So the man departed, and those two being left alone, Master Clement
said: "Well, I deemed that nothing else would come of it: and I fear
that thy gossip will be ill-content with me; for great is the peril."
"Yea," said Ralph, "and great the reward." Clement smiled and sighed,
and said: "Well, lad, even so hath a many thought before thee, wise
men as well as fools." Ralph looked at him and reddened, and departed
from him a little, and went walking in the cloister there to and fro,
and pondered these matters; and whatever he might do, still would that
trim figure be before his eyes which he had looked on so gladly
erewhile in the hostel of Bourton Abbas; and he said aloud to himself:
"Surely she needeth me, and draweth me to her whether I will or no." So
wore the day.



CHAPTER 31

The Beginning of the Road To Utterbol


Early next morning Ralph arose and called Bull Shockhead to him and
said: "So it is, Bull, that thou art my war-taken thrall." Bull nodded
his head, but frowned therewithal. Said Ralph: "If I bid thee aught
that is not beyond reason thou wilt do it, wilt thou not?" "Yea," said
Bull, surlily. "Well," quoth Ralph, "I am going a journey east-away,
and I may not have thee with me, therefore I bid thee take this gold
and go free with my goodwill." Bull's face lighted up, and the eyes
glittered in his face; but he said: "Yea, king's son, but why wilt thou
not take me with thee?" Said Ralph: "It is a perilous journey, and thy
being with me will cast thee into peril and make mine more. Moreover,
I have an errand, as thou wottest, which is all mine own."
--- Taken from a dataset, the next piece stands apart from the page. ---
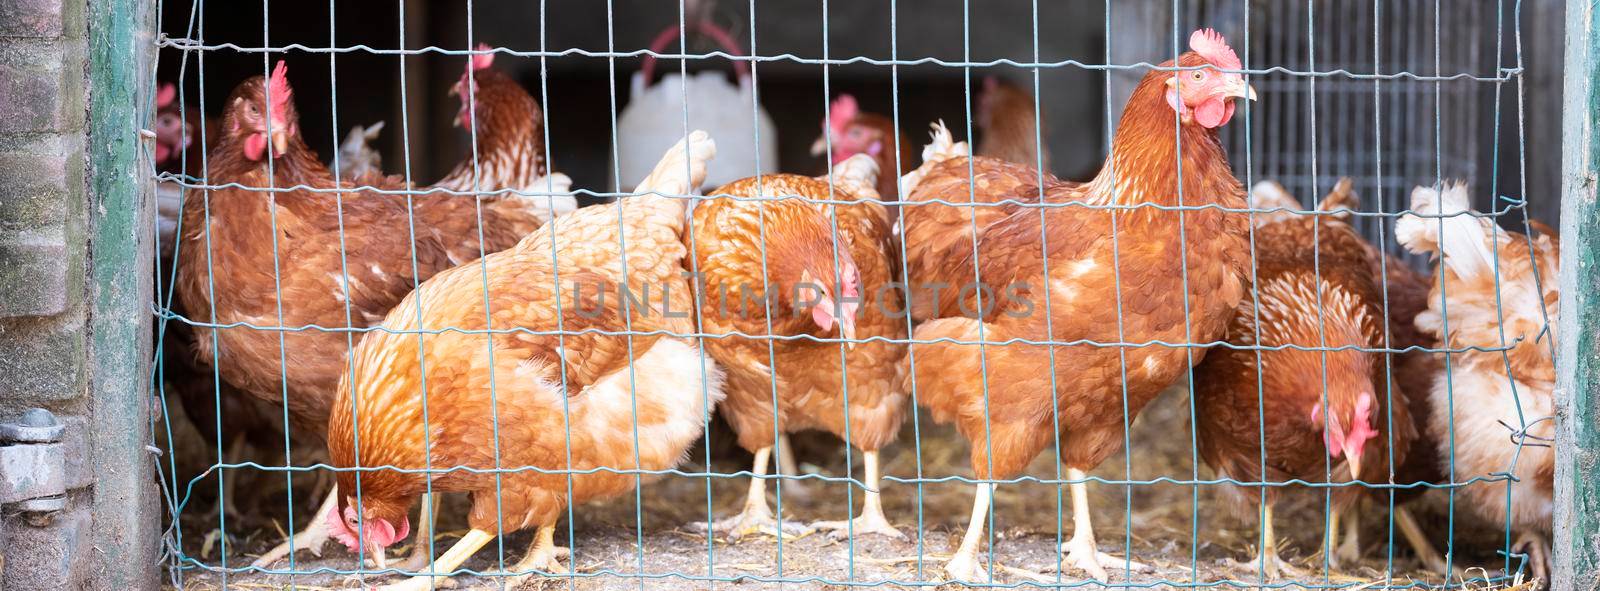 brown chickens behind fence on farm by ahavelaar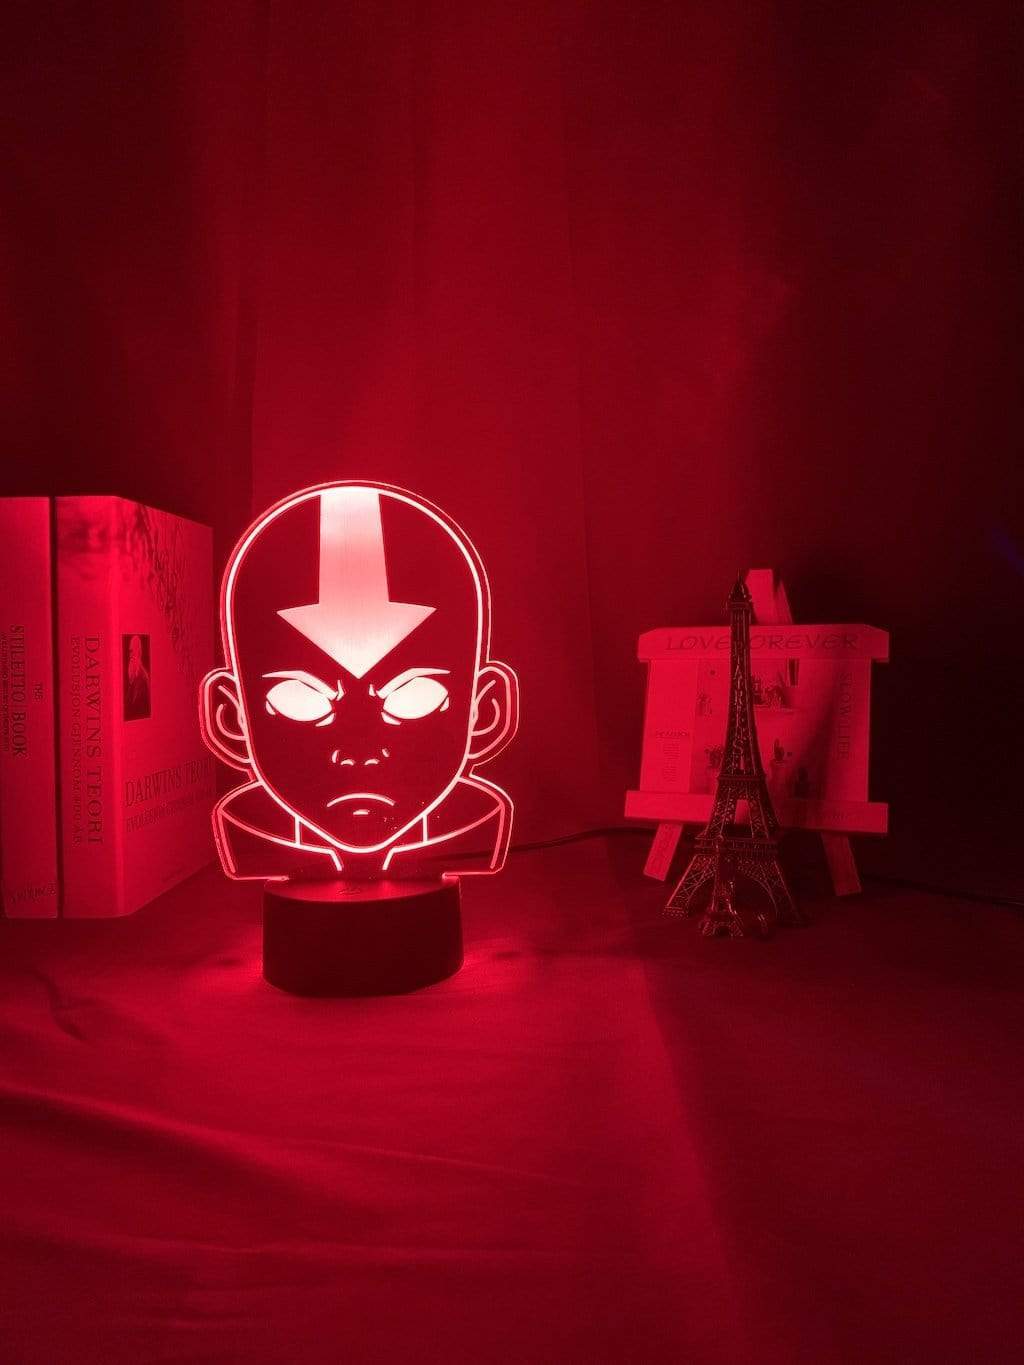 Lampe Avatar The Last Airbender Nightlight for Kids The Legend of Aang Appa Figure Table Night Light

Bull pondered a little and then said: "King's son, I was thinking at
first that our errands lay together, and it is so; but belike thou
sayest true that there will be less peril to each of us if we sunder at
this time. But now I will say this to thee, that henceforth thou shalt
be as a brother to me, if thou wilt have it so, and if ever thou comest
amongst our people, thou wilt be in no danger of them: nay, they shall
do all the good they may to thee."

Then he took him by the hand and kissed him, and he set his hand to his
gear and drew forth a little purse of some small beast's skin that was
broidered in front with a pair of bull's horns: then he stooped down
and plucked a long and tough bent from the grass at his feet (for they
were talking in the garden of the hostel) and twisted it swiftly into a
strange knot of many plies, and opening the purse laid it therein and
said: "King's son, this is the token whereby it shall be known amongst
our folk that I have made thee my brother: were the flames roaring
about thee, or the swords clashing over thine head, if thou cry out, I
am the brother of Bull Shockhead, all those of my kindred who are near
will be thy friends and thy helpers. And now I say to thee farewell:
but it is not altogether unlike that thou mayst hear of me again in the
furthest East." So Ralph departed from him, and Clement went with Ralph
to the Gate of Goldburg, and bade him farewell there; and or they
parted he said: "Meseems I have with me now some deal of the foreseeing
of Katherine my wife, and in my mind it is that we shall yet see thee
at Wulstead and Upmeads, and thou no less famous than now thou art.
This is my last word to thee." Therewith they parted, and Ralph rode
his ways.

He came on his way-leader about a bowshot from the gate and they
greeted each other: the said guide was clad no otherwise than
yesterday: he had saddle-bags on his horse, which was a strong black
roadster: but he was nowise armed, and bore but a satchel with a case
of knives done on to it, and on the other side a fiddle in its case.
So Ralph smiled on him and said: "Thou hast no weapon, then?" "What
need for weapon?" said he; "since we are not of might for battle. This
is my weapon," said he, touching his fiddle, "and withal it is my field
and mine acre that raiseth flesh-meat and bread for me: yea, and whiles
a little drink."

So they rode on together and the man was blithe and merry: and Ralph
said to him: "Since we are fellows for a good while, as I suppose,
what shall I call thee?" Said he, "Morfinn the Minstrel I hight, to
serve thee, fair lord. Or some call me Morfinn the Unmanned. Wilt
thou not now ask me concerning that privy word that I had for thy
ears?" "Yea," said Ralph reddening, "hath it to do with a woman?"
"Naught less," said Morfinn. "For I heard of thee asking many
questions thereof in Goldburg, and I said to myself, now may I, who am
bound for Utterness, do a good turn to this fair young lord, whose face
bewrayeth his heart, and telleth all men that he is kind and bounteous;
so that there is no doubt but he will reward me well at once for any
help I may give him; and also it may be that he will do me a good turn
hereafter in memory of this that I have done him."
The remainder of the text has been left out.